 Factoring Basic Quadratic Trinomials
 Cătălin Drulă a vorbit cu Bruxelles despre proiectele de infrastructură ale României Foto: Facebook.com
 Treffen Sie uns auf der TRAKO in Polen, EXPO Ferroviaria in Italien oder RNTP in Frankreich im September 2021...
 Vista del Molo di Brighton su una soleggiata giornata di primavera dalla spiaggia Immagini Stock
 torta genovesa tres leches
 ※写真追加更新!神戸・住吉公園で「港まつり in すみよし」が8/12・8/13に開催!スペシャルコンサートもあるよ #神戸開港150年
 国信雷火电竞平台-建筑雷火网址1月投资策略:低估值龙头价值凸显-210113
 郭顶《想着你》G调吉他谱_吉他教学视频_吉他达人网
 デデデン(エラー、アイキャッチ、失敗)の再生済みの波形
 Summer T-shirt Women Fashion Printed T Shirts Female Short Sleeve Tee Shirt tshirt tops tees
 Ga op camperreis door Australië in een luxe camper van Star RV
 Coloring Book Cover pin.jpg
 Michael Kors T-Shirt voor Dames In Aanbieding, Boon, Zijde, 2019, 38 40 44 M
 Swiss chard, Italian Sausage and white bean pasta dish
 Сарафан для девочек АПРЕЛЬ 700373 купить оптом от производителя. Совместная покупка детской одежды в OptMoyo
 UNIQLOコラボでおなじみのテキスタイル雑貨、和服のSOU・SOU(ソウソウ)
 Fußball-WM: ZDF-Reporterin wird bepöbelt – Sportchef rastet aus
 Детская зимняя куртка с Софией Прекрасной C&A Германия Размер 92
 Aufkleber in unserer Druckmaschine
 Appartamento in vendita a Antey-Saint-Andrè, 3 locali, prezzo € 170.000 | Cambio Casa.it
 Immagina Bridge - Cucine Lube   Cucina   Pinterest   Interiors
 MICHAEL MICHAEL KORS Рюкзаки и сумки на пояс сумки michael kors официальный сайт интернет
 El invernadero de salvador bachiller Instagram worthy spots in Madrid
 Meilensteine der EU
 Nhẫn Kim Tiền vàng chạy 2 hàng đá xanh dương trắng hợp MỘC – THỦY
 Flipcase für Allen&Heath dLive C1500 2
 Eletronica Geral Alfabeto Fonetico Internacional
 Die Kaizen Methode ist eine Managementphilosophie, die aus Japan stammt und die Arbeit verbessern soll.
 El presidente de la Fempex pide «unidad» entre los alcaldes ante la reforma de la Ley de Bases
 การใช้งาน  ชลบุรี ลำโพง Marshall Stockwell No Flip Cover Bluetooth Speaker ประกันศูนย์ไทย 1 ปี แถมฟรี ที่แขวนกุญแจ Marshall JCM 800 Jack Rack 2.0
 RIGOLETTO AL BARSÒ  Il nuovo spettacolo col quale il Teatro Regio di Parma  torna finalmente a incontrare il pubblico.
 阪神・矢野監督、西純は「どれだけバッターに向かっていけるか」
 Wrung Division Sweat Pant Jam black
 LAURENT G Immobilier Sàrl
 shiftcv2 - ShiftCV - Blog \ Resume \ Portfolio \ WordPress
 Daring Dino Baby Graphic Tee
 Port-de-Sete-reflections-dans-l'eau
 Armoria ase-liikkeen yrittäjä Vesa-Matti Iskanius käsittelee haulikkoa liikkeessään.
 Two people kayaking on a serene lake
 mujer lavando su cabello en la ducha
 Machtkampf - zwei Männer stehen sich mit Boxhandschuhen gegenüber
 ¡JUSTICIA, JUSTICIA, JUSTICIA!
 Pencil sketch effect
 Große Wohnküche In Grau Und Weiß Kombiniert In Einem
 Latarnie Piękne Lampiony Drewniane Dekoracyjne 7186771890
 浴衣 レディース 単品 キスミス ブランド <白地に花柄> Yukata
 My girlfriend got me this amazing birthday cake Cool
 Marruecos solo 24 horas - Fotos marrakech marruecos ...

Description of the task -
Reproduce the lines of the entries above exactly, but only from the line containing "Appartamento in vendita" through the final line.

Solution to this exercise -
 Appartamento in vendita a Antey-Saint-Andrè, 3 locali, prezzo € 170.000 | Cambio Casa.it
 Immagina Bridge - Cucine Lube   Cucina   Pinterest   Interiors
 MICHAEL MICHAEL KORS Рюкзаки и сумки на пояс сумки michael kors официальный сайт интернет
 El invernadero de salvador bachiller Instagram worthy spots in Madrid
 Meilensteine der EU
 Nhẫn Kim Tiền vàng chạy 2 hàng đá xanh dương trắng hợp MỘC – THỦY
 Flipcase für Allen&Heath dLive C1500 2
 Eletronica Geral Alfabeto Fonetico Internacional
 Die Kaizen Methode ist eine Managementphilosophie, die aus Japan stammt und die Arbeit verbessern soll.
 El presidente de la Fempex pide «unidad» entre los alcaldes ante la reforma de la Ley de Bases
 การใช้งาน  ชลบุรี ลำโพง Marshall Stockwell No Flip Cover Bluetooth Speaker ประกันศูนย์ไทย 1 ปี แถมฟรี ที่แขวนกุญแจ Marshall JCM 800 Jack Rack 2.0
 RIGOLETTO AL BARSÒ  Il nuovo spettacolo col quale il Teatro Regio di Parma  torna finalmente a incontrare il pubblico.
 阪神・矢野監督、西純は「どれだけバッターに向かっていけるか」
 Wrung Division Sweat Pant Jam black
 LAURENT G Immobilier Sàrl
 shiftcv2 - ShiftCV - Blog \ Resume \ Portfolio \ WordPress
 Daring Dino Baby Graphic Tee
 Port-de-Sete-reflections-dans-l'eau
 Armoria ase-liikkeen yrittäjä Vesa-Matti Iskanius käsittelee haulikkoa liikkeessään.
 Two people kayaking on a serene lake
 mujer lavando su cabello en la ducha
 Machtkampf - zwei Männer stehen sich mit Boxhandschuhen gegenüber
 ¡JUSTICIA, JUSTICIA, JUSTICIA!
 Pencil sketch effect
 Große Wohnküche In Grau Und Weiß Kombiniert In Einem
 Latarnie Piękne Lampiony Drewniane Dekoracyjne 7186771890
 浴衣 レディース 単品 キスミス ブランド <白地に花柄> Yukata
 My girlfriend got me this amazing birthday cake Cool
 Marruecos solo 24 horas - Fotos marrakech marruecos ...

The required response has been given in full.